CHICAGO, Ill. (WJPF) — Governor JB Pritzker has signed legislation authorizing a new state-based marketplace for Illinois, which gives state agencies additional tools to create a more consumer-focused health insurance exchange and better identify traditionally uninsured communities. The Governor also signed historic rate review legislation Tuesday, which will protect health insurance consumers from unfair rate hikes.

Illinois residents currently access the Affordable Care Act Marketplace using the federal platform which the state pays a fee to use. HB 579 will transition Illinois to a state platform, redirecting that fee to Illinois to fund the new state-based marketplace. The full state-based marketplace goes live for plan year 2026, and consumers will start enrolling via the Illinois platform during the ACA Marketplace Open Enrollment Period beginning November 1, 2025. Currently, the federal platform does not share real-time data, and the Illinois Department of Insurance must rely on federal reports with limited information regarding enrollment in ACA Marketplace coverage. The new legislation will help address that challenge, allowing Illinois to better target and serve uninsured communities.

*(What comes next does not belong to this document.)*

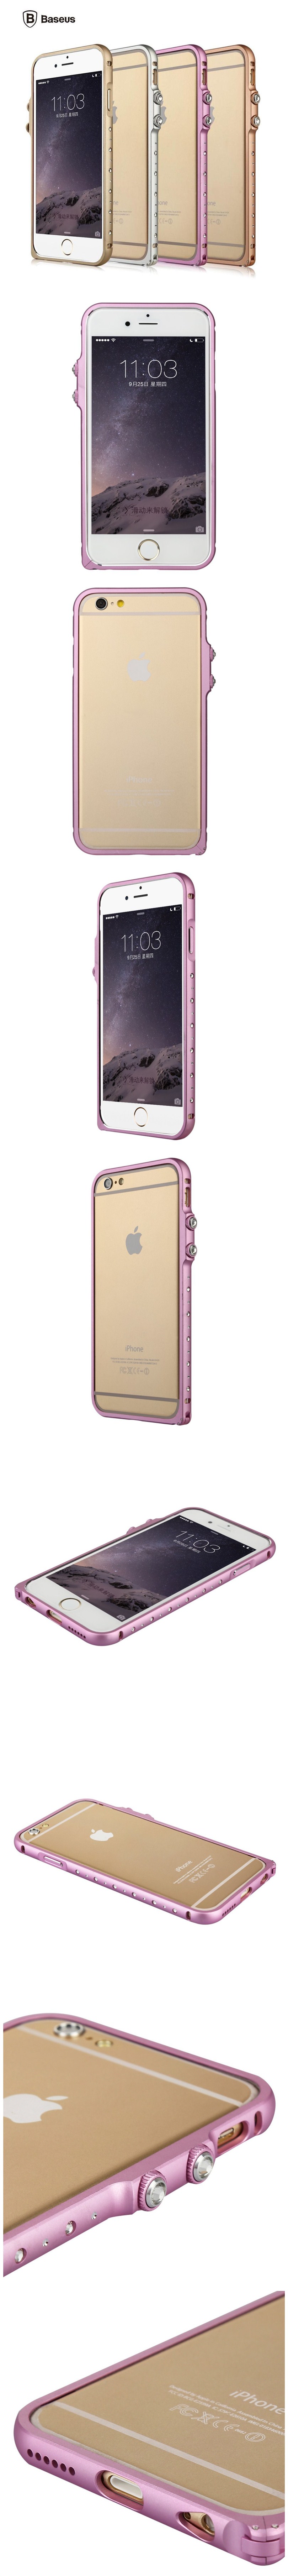 BASEUS Diamond Crystal Rhinestone Bling Aluminum Metal Frame Bumper Case For Apple iPhone 6 6 Plus

The rate review bill signed into law, HB2296, is a piece of consumer protection legislation that aims to advance health care affordability. Illinois joins 41 other states in protecting Illinois consumers and small businesses from unfair premium rate hikes. For the first time, insurance companies will have to provide specific information about how they set their rates and the Illinois Department of Insurance will have the authority to approve, modify, or disapprove health premium rates that it determines to be unreasonable or inadequate in the individual and small group market. It also increases transparency for consumers and small business by adding reporting requirements for insurance companies, and gives Illinois Department of Insurance the data it needs to explain to consumers and small businesses why people pay what they pay in a yearly report.